Thomas Schmid's avatar

Thanks for the article. I had a good laugh at "Prominent venture capitalists like Marc Andreessen and Peter Thiel have claimed the mainstream news media does not give the tech industry a fair shake." The poor things, every news outlet is constantly scrutinizing every word they say.... /SARC! This in the age of the "CEO said a thing"-journalism.

Catherine Blanche King's avatar

To Thomas Schmid: I hear that.

On the "however" side of things, however, I don't think that ALL journalism/journalists can rightly be painted with that brush, at least not in every case. We ARE in an age of extremes which (if I know extremes) cannot last forever, being constantly pressured by the real existence of the longer-arch, and for which even the stout-hearted journalist has trouble writing for without fudging lines that only exist in the temporariness of the extremist mind and especially ones that deny the basics of their own humanity.

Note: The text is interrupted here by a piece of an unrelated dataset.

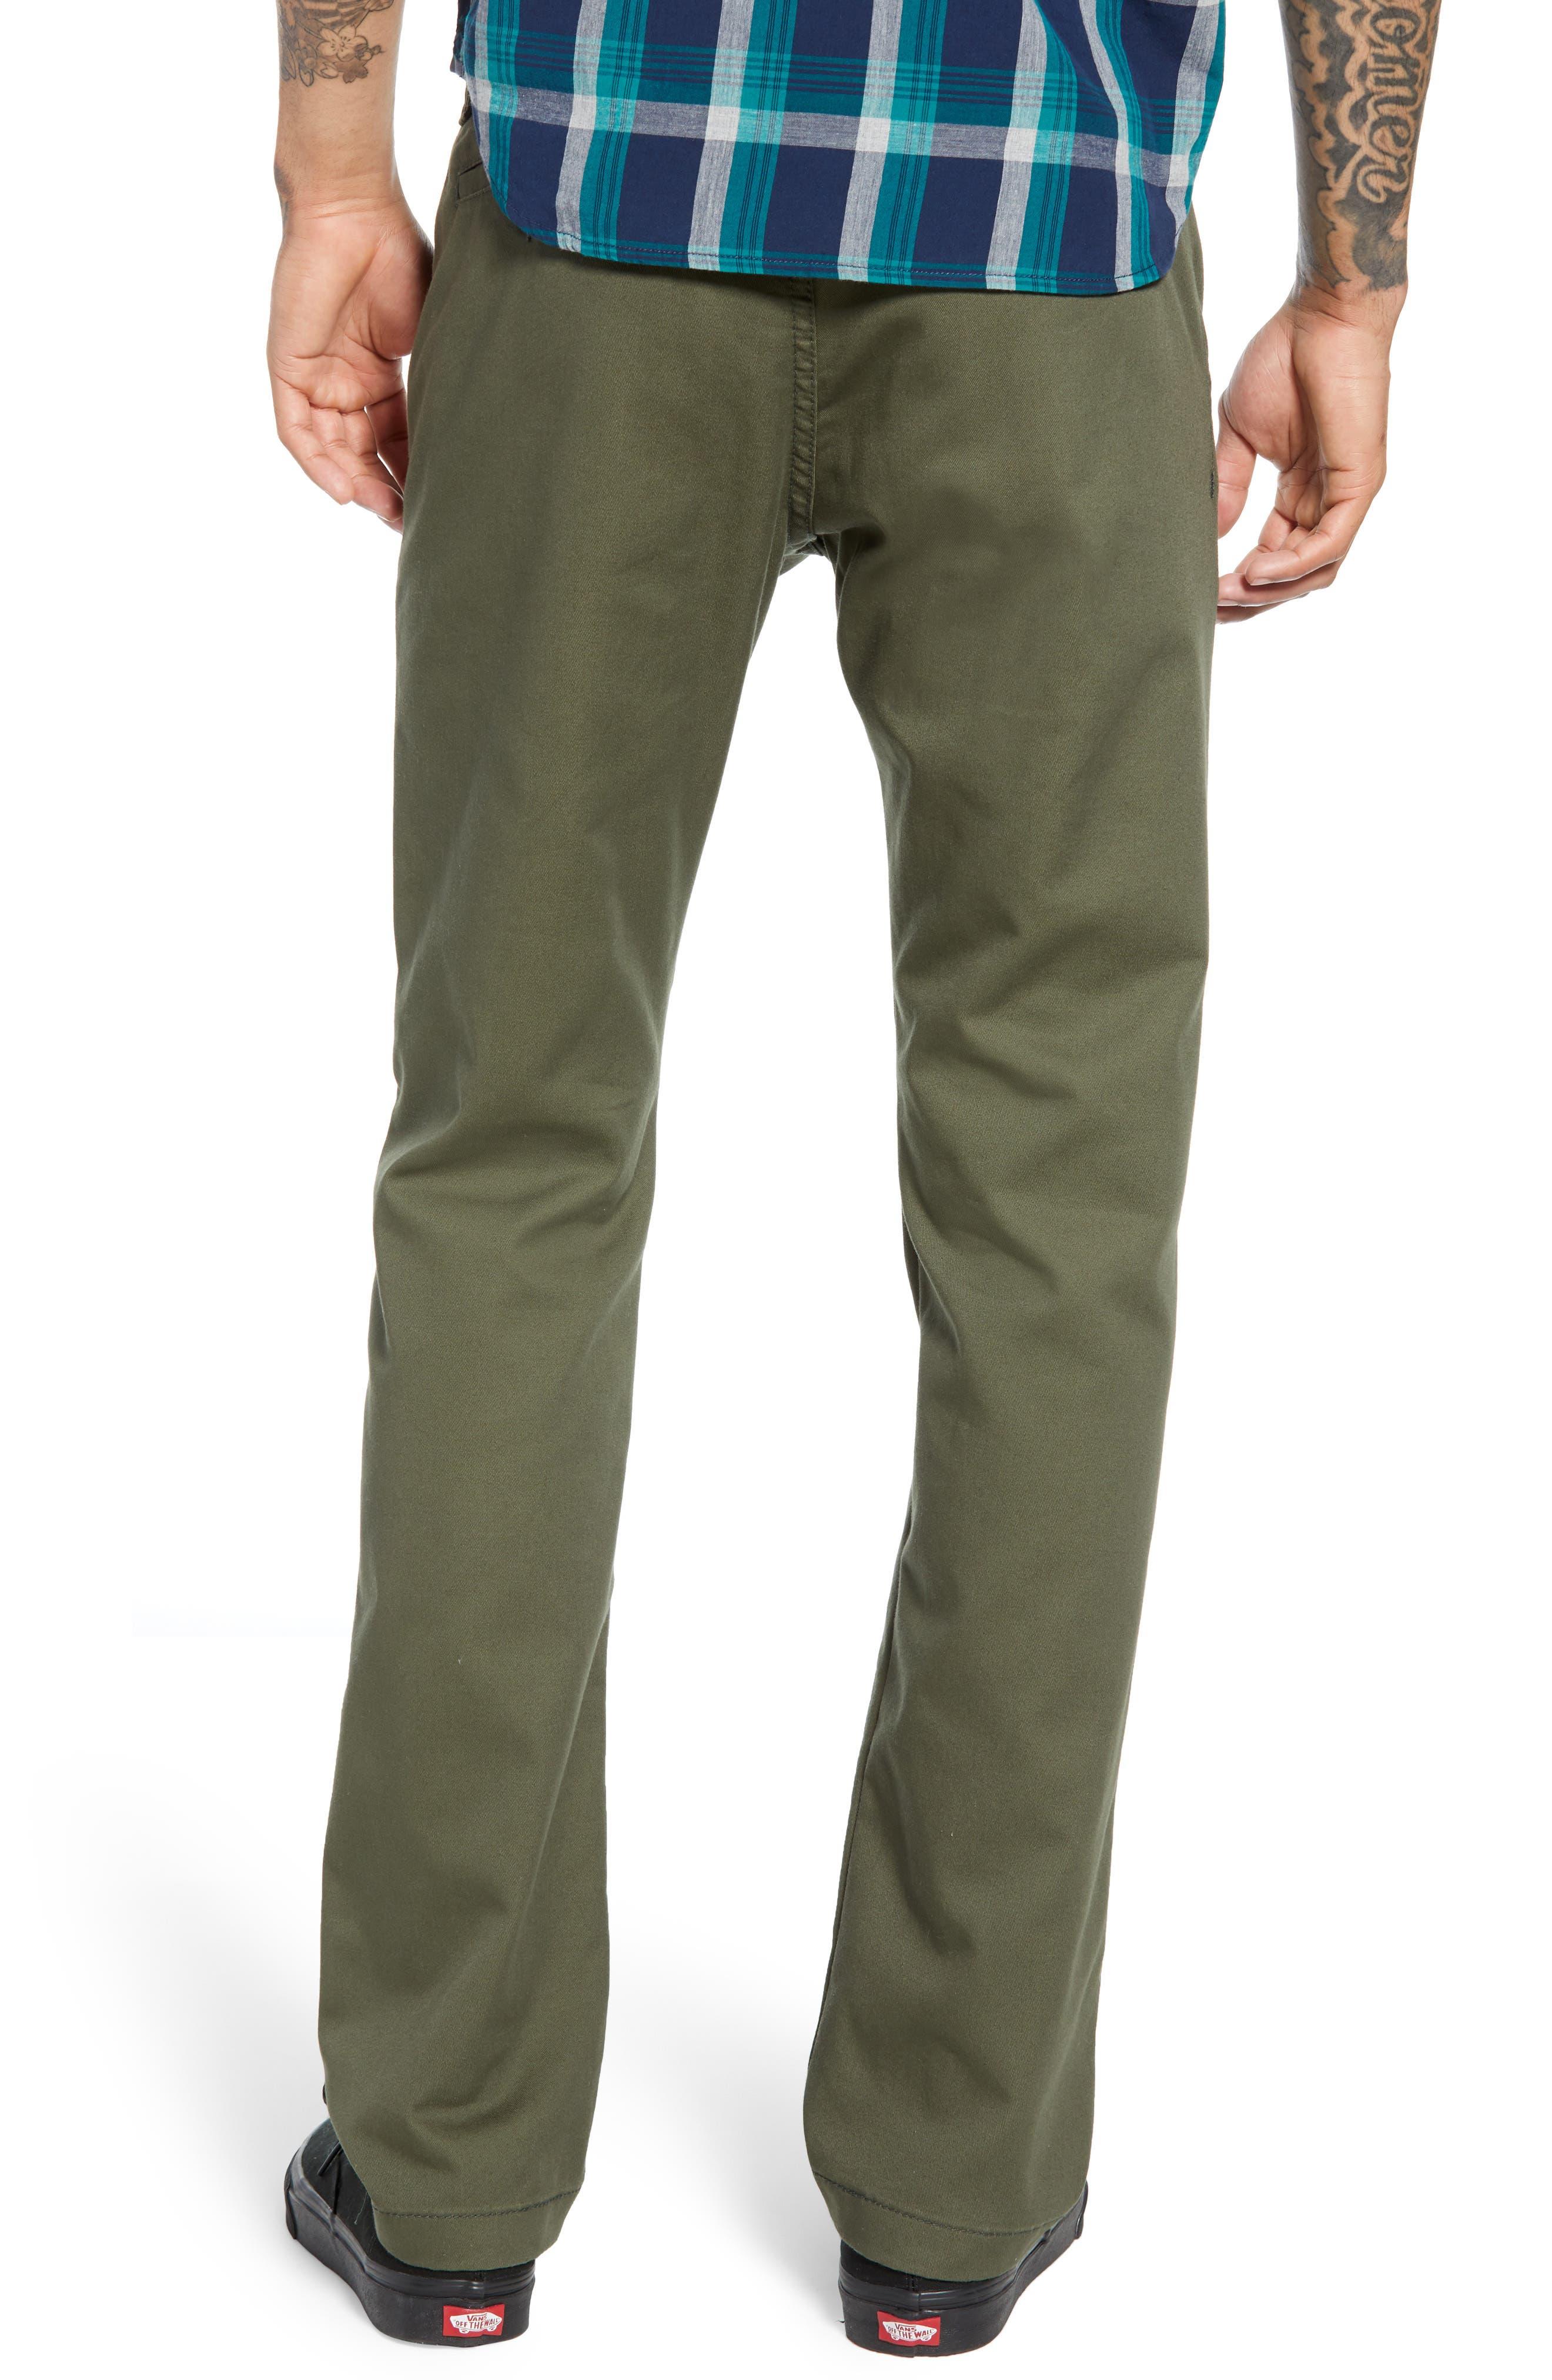 20451d15b5 Men s Vans Chinos   Khaki Pants

The article, however, at least raises some essential questions. (Though you are probably thinking a simple "you're welcome" would do. :o)

Thomas Schmid's avatar

"The article, however, at least raises some essential questions." Oh, it does, just too timid ones, IMHO. But maybe that's just me ....

Catherine Blanche King's avatar

Here's the above article's heading:

OpenAI Buys Streaming Show ‘TBPN,’ Aiming to Change Narrative on A.I.

OpenAI said the deal would help it “create a space for a real, constructive conversation about the changes A.I. creates.”

Thomas Schmid's avatar

Thinking about this statement and focusing on "real, constructive conversation", to me that means keeping Altmann, Amodei, Suleyman and all the others off air.